In diesem Zusammenhang kann auch der vorgestellte Roboter als CPS verstanden werden, da er potentiell die geforderten Funktionen erfüllen kann (bspw. Einsatz in Produktion, Netzwerkfähigkeit). Im folgenden wird daher von einem Roboter gesprochen, das Gleiche gilt sinngemäß für ein CPS.
Hier interessieren besonders Fragen zur Schulung / Weiterbildung, beispielsweise:
- Welche Kompetenzen sind notwendig, um eine spezifische vernetzte Arbeitsumgebung zu definieren (sowohl fest konfiguriert als auch dynamisch konfigurierbar)?
- Für eine spezifische vernetzte Arbeitsumgebung (geplant oder existierend), welche Kompetenzen sind zur Spezifikation und Auswahl eines geeigneten Roboters notwendig?
- Welche Kompetenzen sind notwendig, um einen Roboter innerhalb einer vernetzten Arbeitsumgebung zu steuern und instandzuhalten (auch in Teamarbeit)?

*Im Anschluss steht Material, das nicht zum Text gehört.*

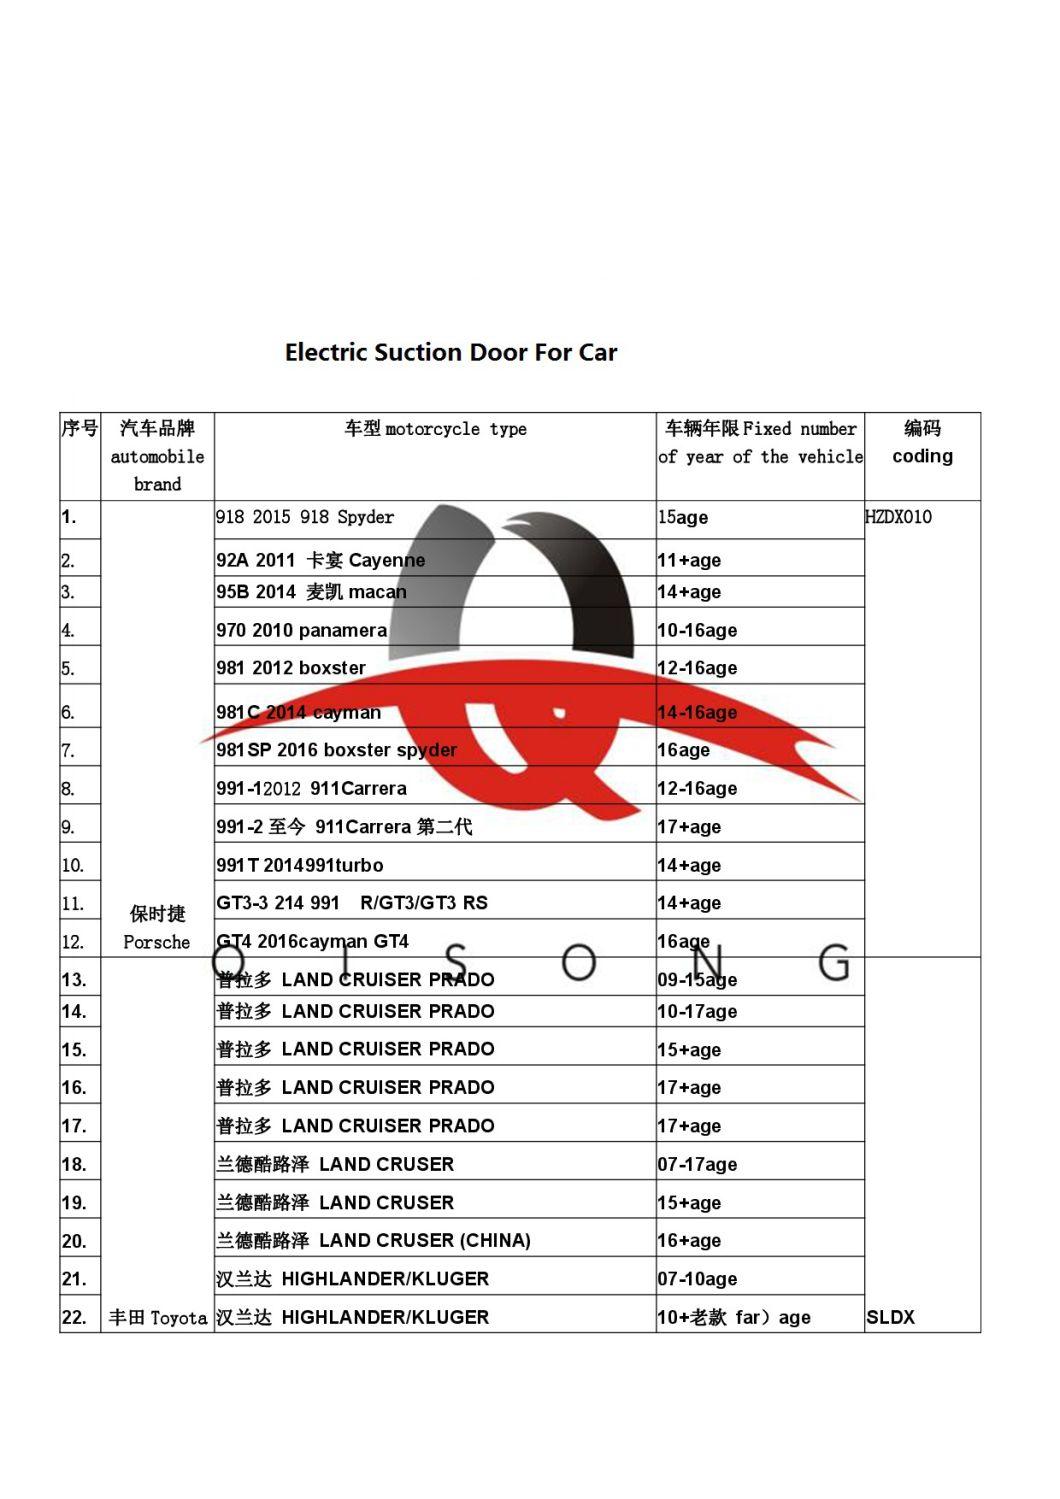 [Qisong] Universal Refitted Car Electric Suction Doors for RAV4 Prado Land Cruiser 200
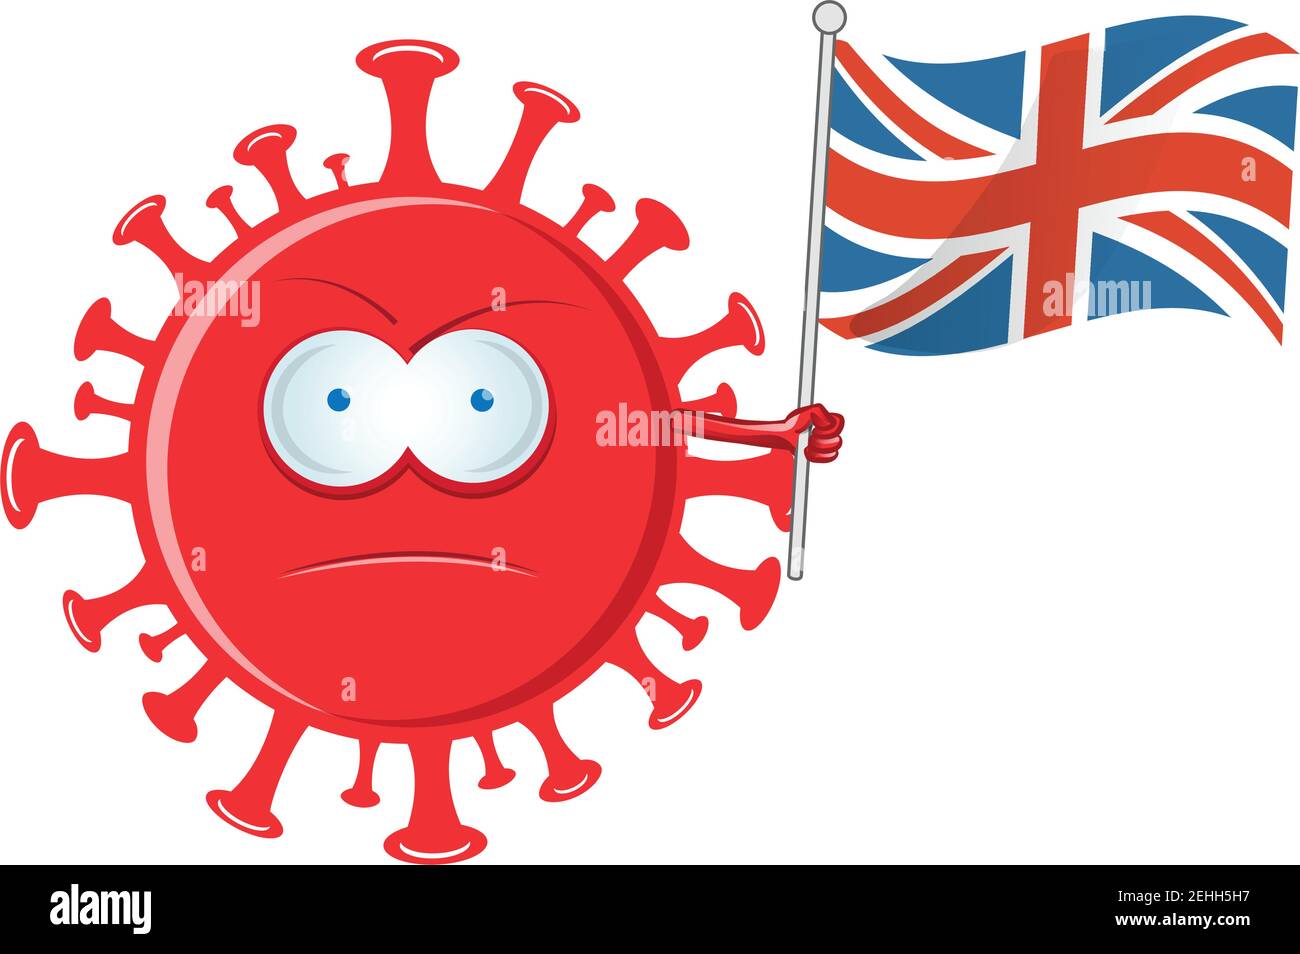 coronavirus character cartoon with flag england. vetcor illustration Stock Vector

- Welche Kompetenzen sind notwendig, um eine virtuelle Simulation der vernetzten Arbeitsumgebung zu spezifizieren?
- Welche Kompetenzen sind notwendig, um geeignete Werkzeuge zur Simulation der vernetzten Arbeitsumgebung auszuwählen?
- Welche Voraussetzungen sind notwendig obige Kompetenzen zu erlangen und weiter zu entwickeln; wie sollen solche Kompetenzen vermittelt werden und durch wen; wie kann Wissenstransfer geeignet gemessen und dokumentiert (anerkannt) werden?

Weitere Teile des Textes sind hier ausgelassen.